-- About this exercise --
All that should come back is the lines of the data below from the one containing "Made by Thomas" to the one containing "We have deep", inclusive, exactly as they stand.

-- Data --

------------------------------------------------------------

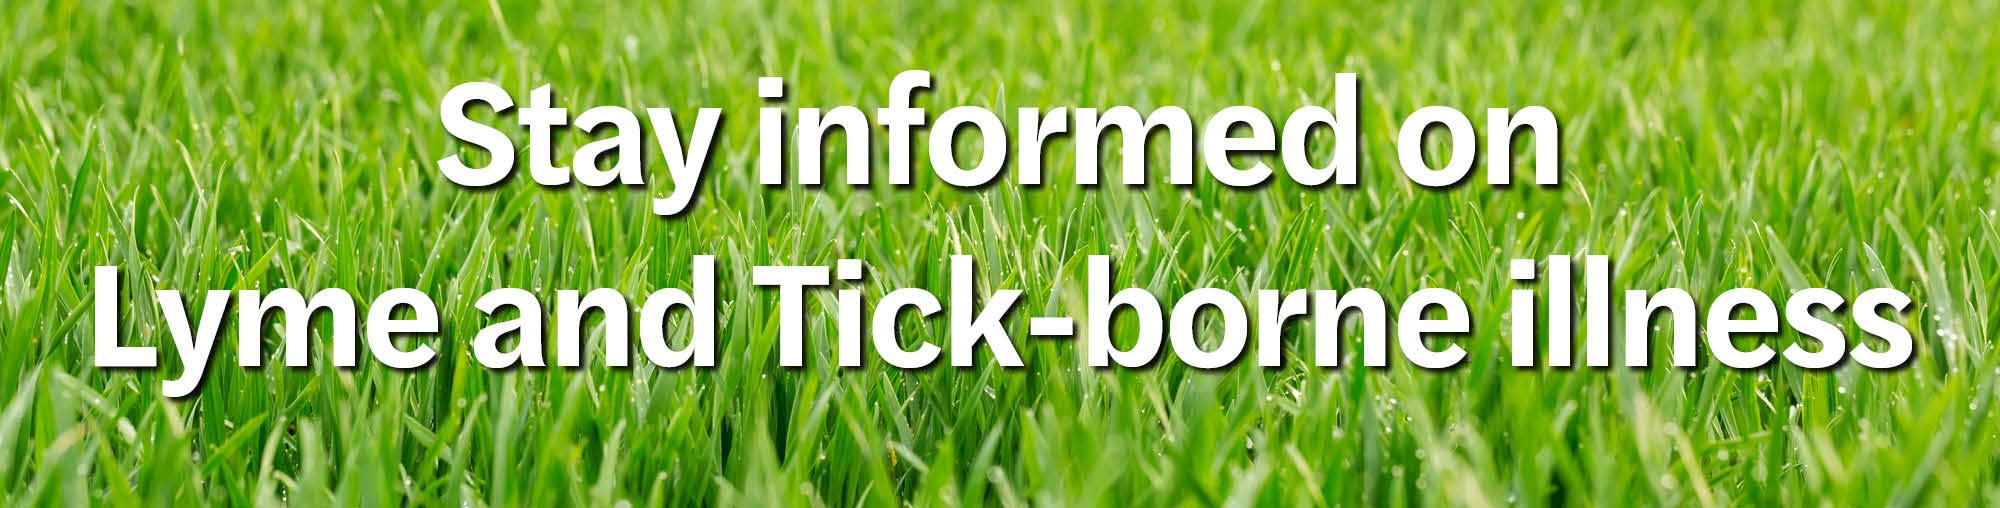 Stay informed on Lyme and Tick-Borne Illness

------------------------------------------------------------

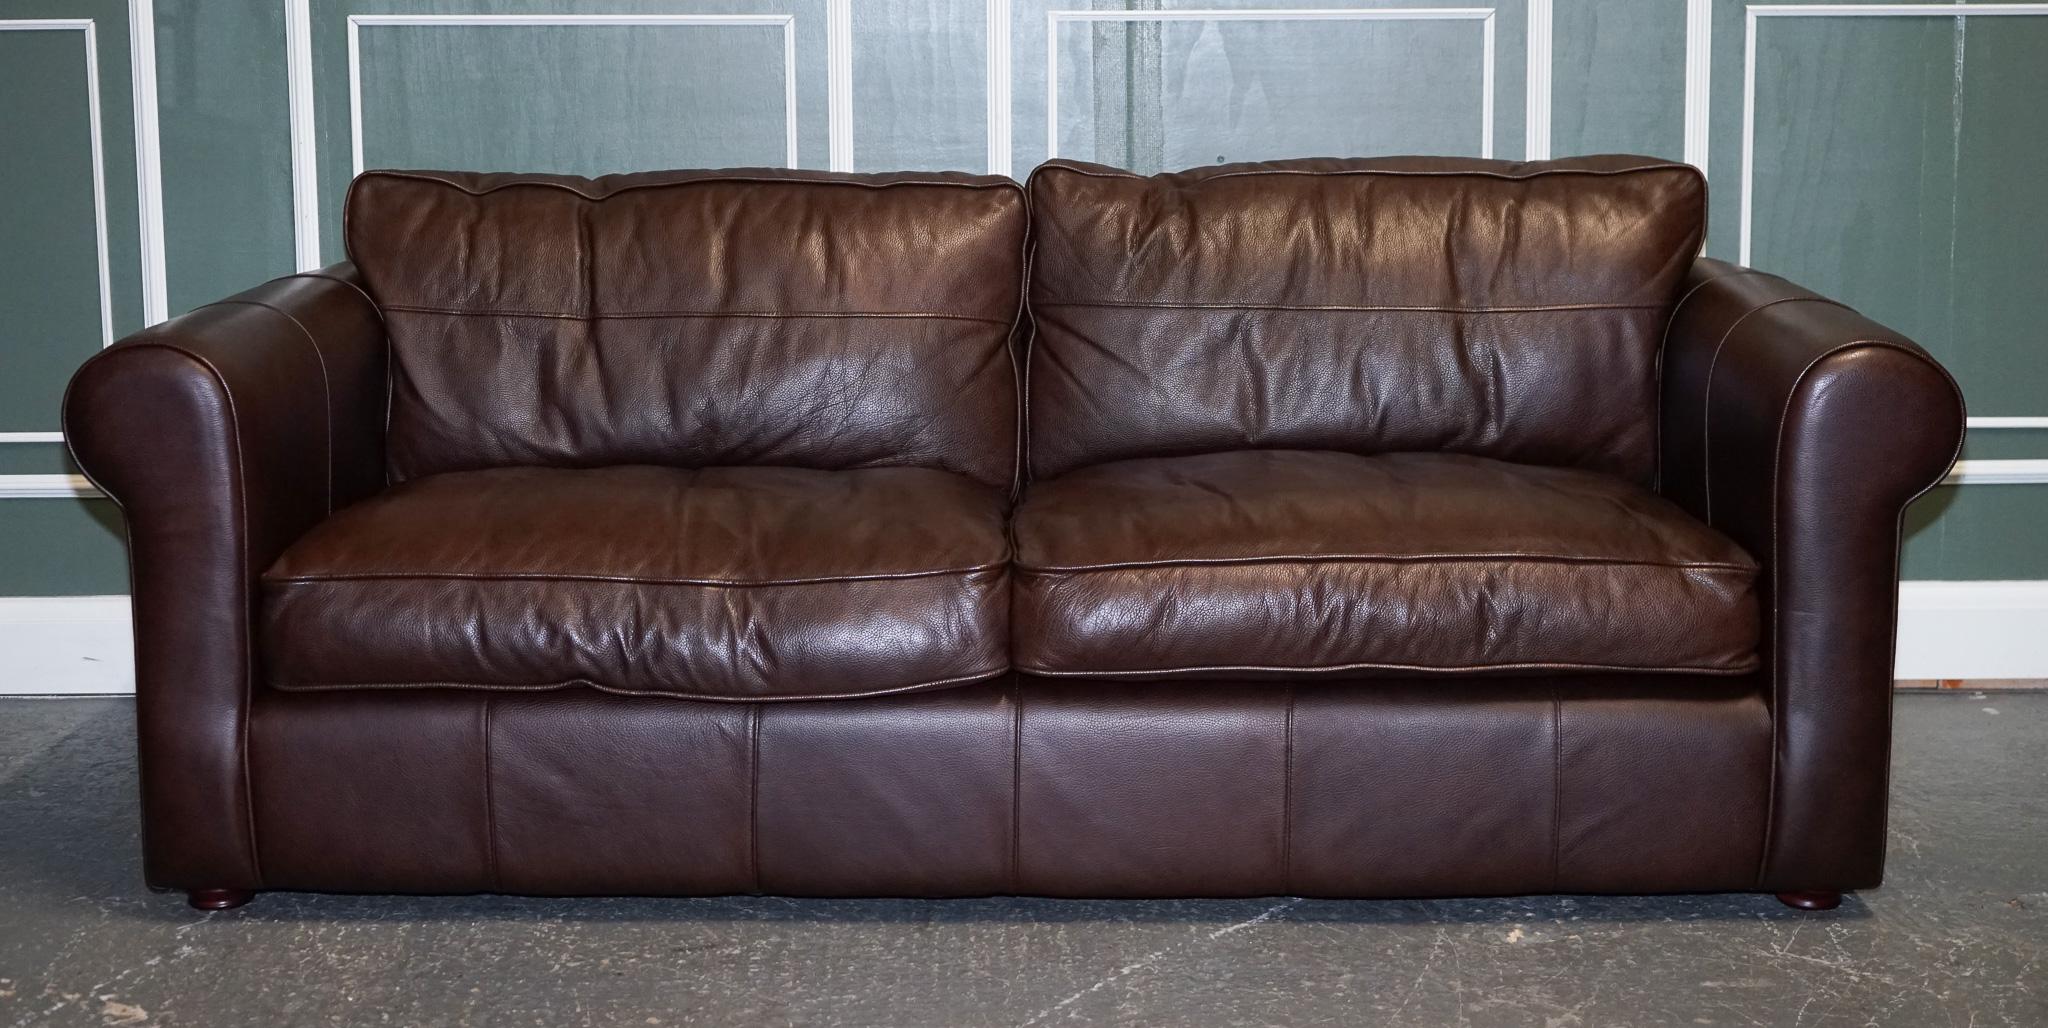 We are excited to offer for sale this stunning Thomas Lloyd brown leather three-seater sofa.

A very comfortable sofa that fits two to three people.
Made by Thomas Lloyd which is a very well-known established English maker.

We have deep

------------------------------------------------------------

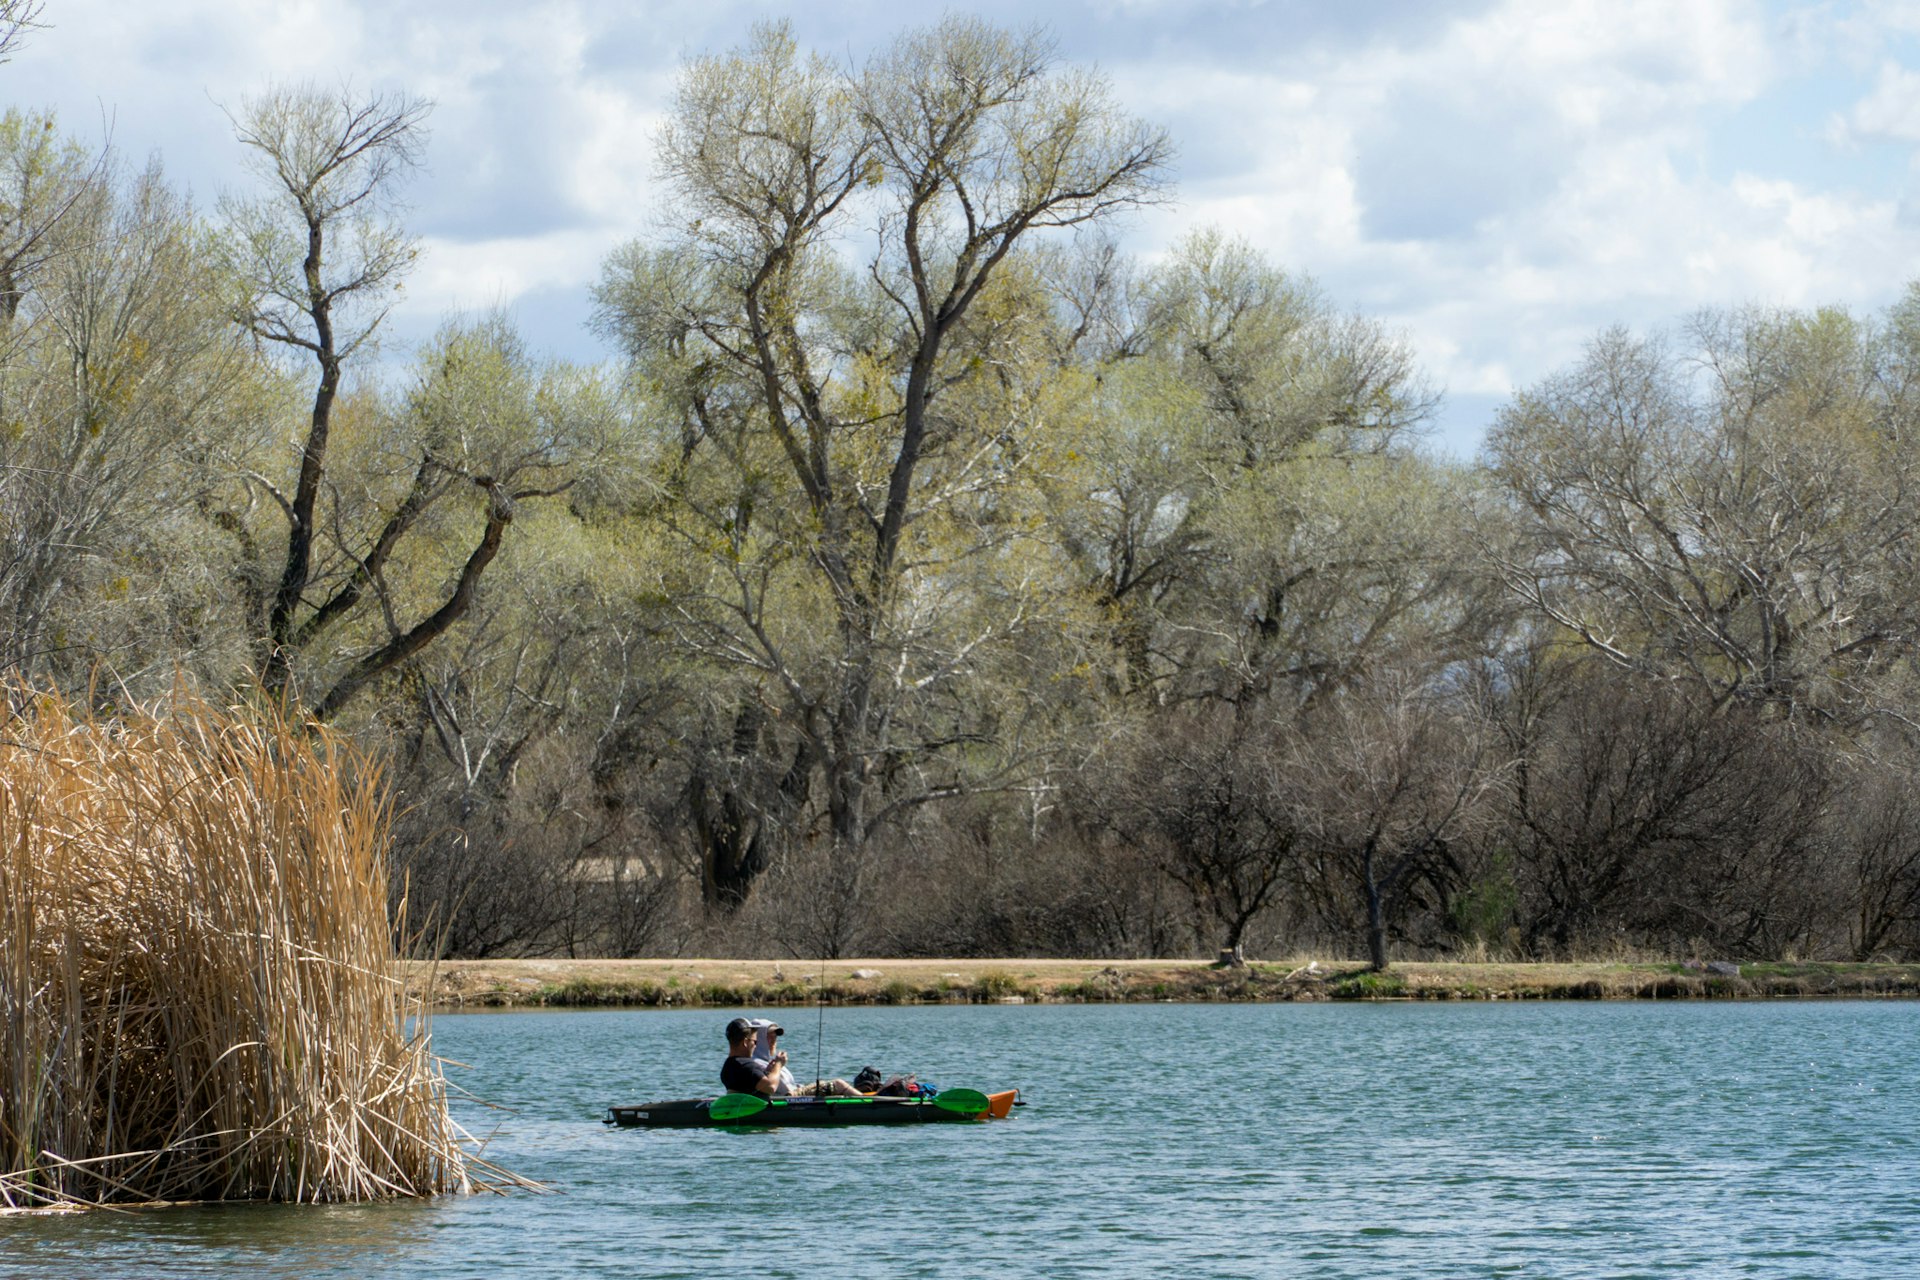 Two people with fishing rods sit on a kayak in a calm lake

------------------------------------------------------------

-- Response to this task --
Made by Thomas Lloyd which is a very well-known established English maker.

We have deep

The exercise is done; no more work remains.